RB Lake Merritt is known as the first waterfowl refuge in the United States dating back to 1869 or 1870 I think it was. It predates Yosemite in that regard. It’s still a spot for migratory waterfowl to congregate, rest and feed. There are thousands of birds in the winter. And then in the summer we have a resident bird population. Mallard ducks, geese, black-crowned night herons, um, snowy egrets, common egrets… We have a Canadian goose population that rises dramatically during the molting season. We’ve had over 1,800 birds last June and July.
And a number of aquatic species: a dozen different kinds of fish including some small sharks, an occasional striped bass or bat ray in the Lake. Usually small fish. The County has bars across the channel leading to the Bay so the larger ones typically can’t get in. But you find most things you find in marine environments. We have sea squirts, mussels, barnacles, things like that that are commonly found in marine environments. Like at this time of the year when the water is warm you can see orange colored sponges. We have sea slugs that lay eggs out there at this time of the year. It’s quite a variety of life out there.
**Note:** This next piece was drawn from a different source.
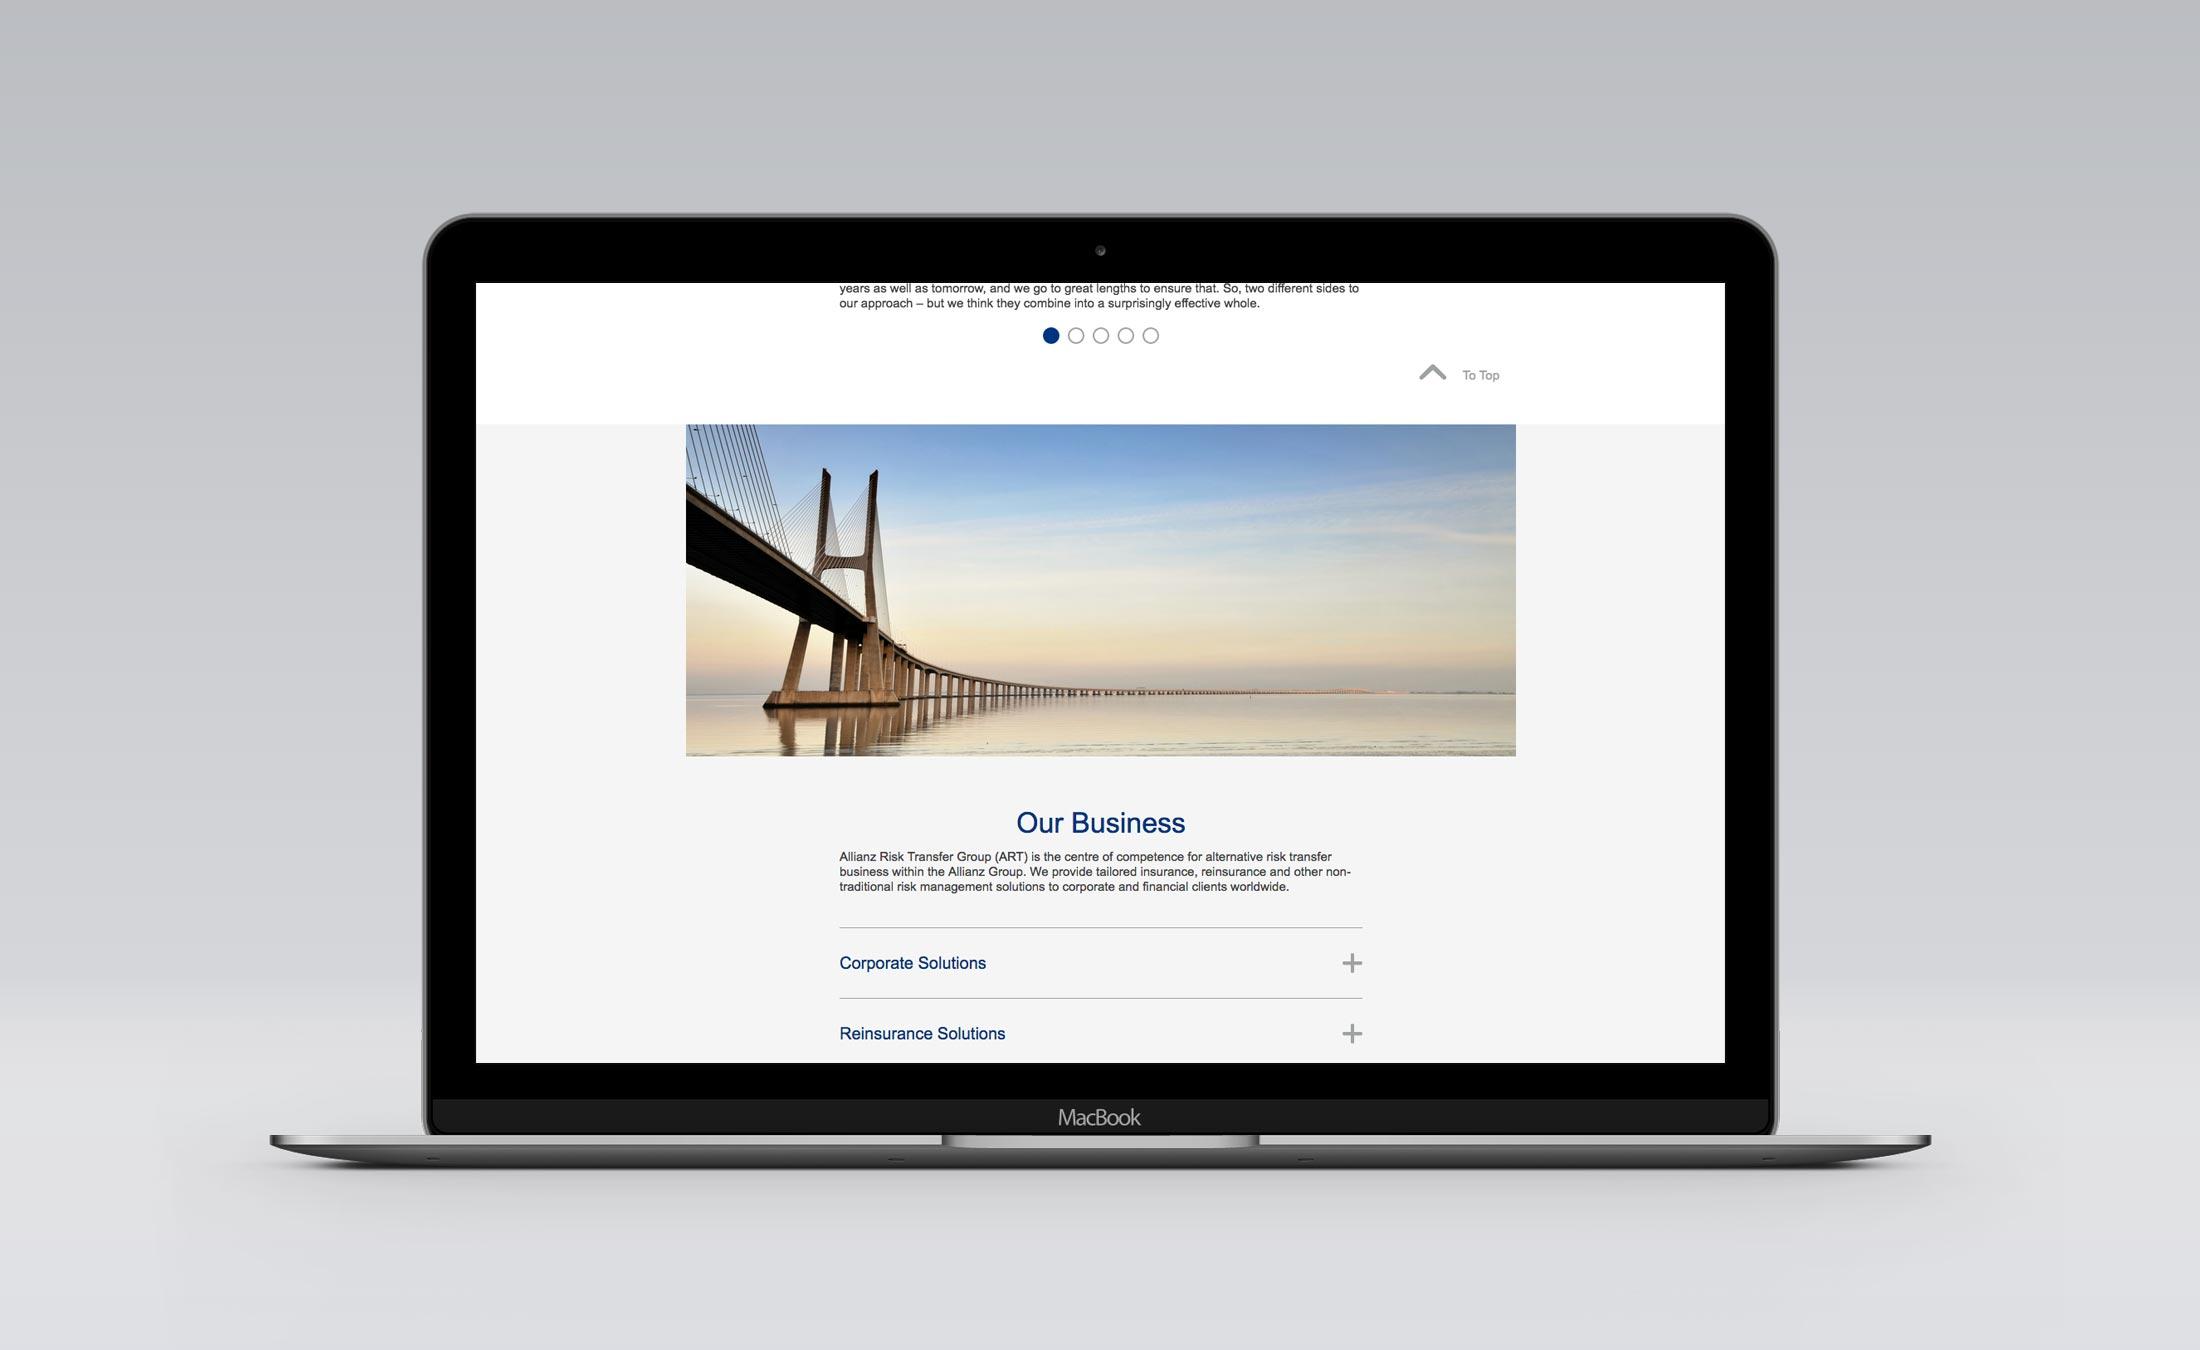 Website_Our Business-Allianz Risk Transfer Zürich

JM And you find that the lake has definitive seasons aside from the ones that mark the urban runoff, but that between the summertime when the geese show up and then they leave… What patterns have you seen over the last ten years with respect to Canadian geese?
RB Well some people say all the geese were here before we were. But that’s not really true. Although there probably were some geese at the lake, but the resident population started with a number of injured birds that were dropped off and has grown rapidly so that at any one time, even during the fall or winter, you’ll find several hundred birds–three to six hundred birds–around the lake, geese rather. But in terms of seasons winter and the runoff season is a time for plankton growth in the lake, that’s why the water is murky.
About May and especially through June and early July the Widgen grass grows, this is a rooted plant that grows from the bottom, a sea plant that grows up five, six, eight feet tall from the bottom, chokes off part of the lake, uses up all of the nitrogen, apparently, we don’t know that for sure, but at that time the lake clears up and the water visibility, the clarity of the lake increases to five, six, seven, eight feet or more. Before the widgen grass gets growing, oh probably April, there’s a bloom of algae. That will continue on until the widgen grass takes over, typically in June. And the widgen grass dies off, typically oh in mid- to late-July, it dies, it just breaks off, floats to the shore and rots. Which is the source of one of our odors in the summertime.
By mid-August it’s pretty well gone; the City harvester boat removes quite a bit of it, but it’s like mowing a lawn, it just grows back from the bottom. And in late August and September through early October if there’s no rain, the water is clear. We’re not getting a lot of nutrients coming down the creeks, there’s not much runoff, and you can see the bottom all the way down to 10 feet.